A hardware implementation can offer performance improvements over software implementations of RAID, and hardware can sometimes support hot swapping and hot sparing. However, a hardware implementation is more expensive than a software implementation, and your equipment options might be limited to a specific vendor. Software fault tolerance is cheaper, but if you have a drive failure, downtime is required to replace the failed drive.
RAID-5 volumes have a lower cost per MB and better read performance than RAID-1 volumes. However, RAID-1 volumes can protect system or boot partitions and have better write performance. You can eliminate any single point of failure when implementing RAID-1 by using disk duplexing.
If you need more than 100 to 200 GB of storage capacity and you can justify the expense, you should use a SAN to provide fault-tolerant storage. Otherwise, you should use RAID. A hardware implementation of RAID is preferable to a software implementation if you’re willing to make the investment and if you can work within the limits of vendor specifications. If you decide to use a software implementation, use RAID-1 for applications that require high availability and don’t require a lot of disk space. You should use RAID-5 for environments with mostly read operations and occasional write operations. When implementing RAID, use disk duplexing.
The Tailspin Toys company maintains a relational database that contains customer information. The database is stored on a dedicated Windows 2000 Server computer that’s configured with SQL Server 2000. RAID-1 and RAID-5 are used to ensure fault tolerance.
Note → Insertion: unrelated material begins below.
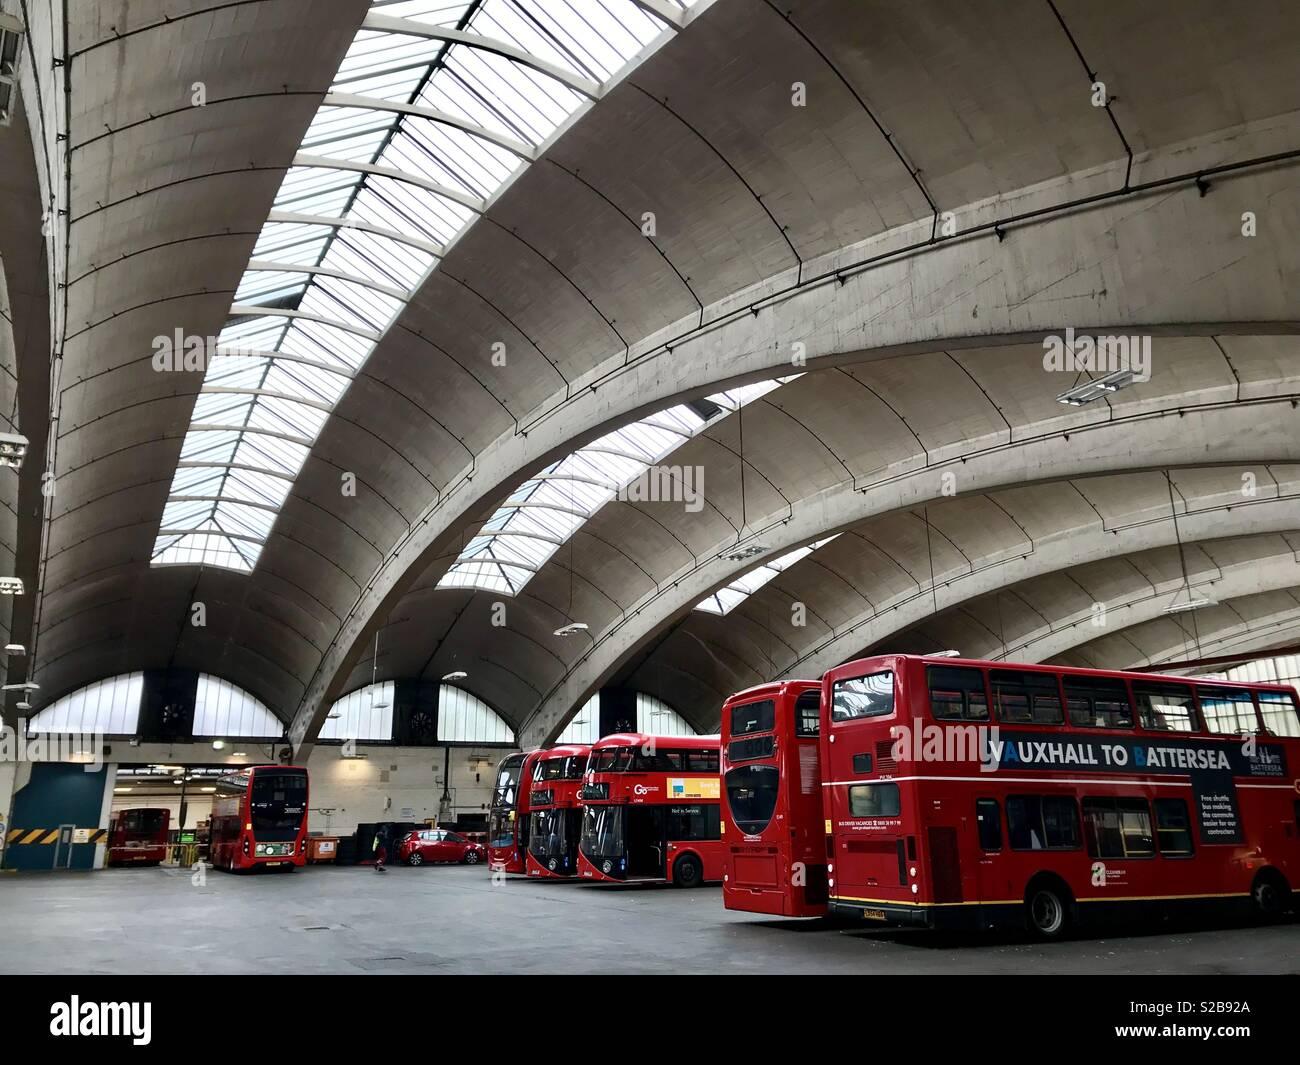 Stockwell Bus Garage - Stock Image

Figure 3.4 shows how the logical partitions, logical disks, and physical disks are set up on the server.
Figure 3.4 - A fault-tolerant disk configuration in a Windows 2000 Server computer
The operating system is stored on one mirror set (partition C:), and the database log files are stored on a second mirror set (partition D:). Partition E: contains the database files. Partition D: is separate from Partition E: because the log files are write-intensive and RAID-1 is better suited to write-intensive operations. On the other hand, Partition E: contains the database files because RAID-5 is better suited for large sequential reads and large databases where reads occur more often than writes.
One method of protecting data is to use RAID. You can implement RAID fault tolerance as either a software or hardware solution. The software implementation is available in Windows 2000 Server. Windows 2000 supports RAID-1 and RAID-5. RAID-1 uses the fault tolerance driver (Ftdisk.sys) to write the same data to a volume on each of two physical disks simultaneously. You can install a second controller in the computer so that each disk in the mirrored volume has its own controller. In a RAID-5 volume, Windows 2000 achieves fault tolerance by adding a parity-information stripe to each disk partition in the volume. Generally, RAID-1 volumes offer read and write performance comparable to that of single disks. RAID-5 volumes offer better read performance than mirrored volumes, but poorer write performance. RAID-5 is also more inexpensive to implement than RAID-1. Some hardware vendors implement RAID data protection directly in their hardware, as with disk array controller cards. Hardware solutions are more expensive than software solutions, but performance is better and you can replace a disk without shutting down the computer. To store large amounts of data, you can use a SAN to make data available in the event of a disaster. A SAN provides fault-tolerant storage on a large scale. However, a SAN is expensive to implement. If you’re storing more than 5 terabytes (TB) of data and you can justify the expense, you should use a SAN to provide fault-tolerant storage. Otherwise you should use RAID.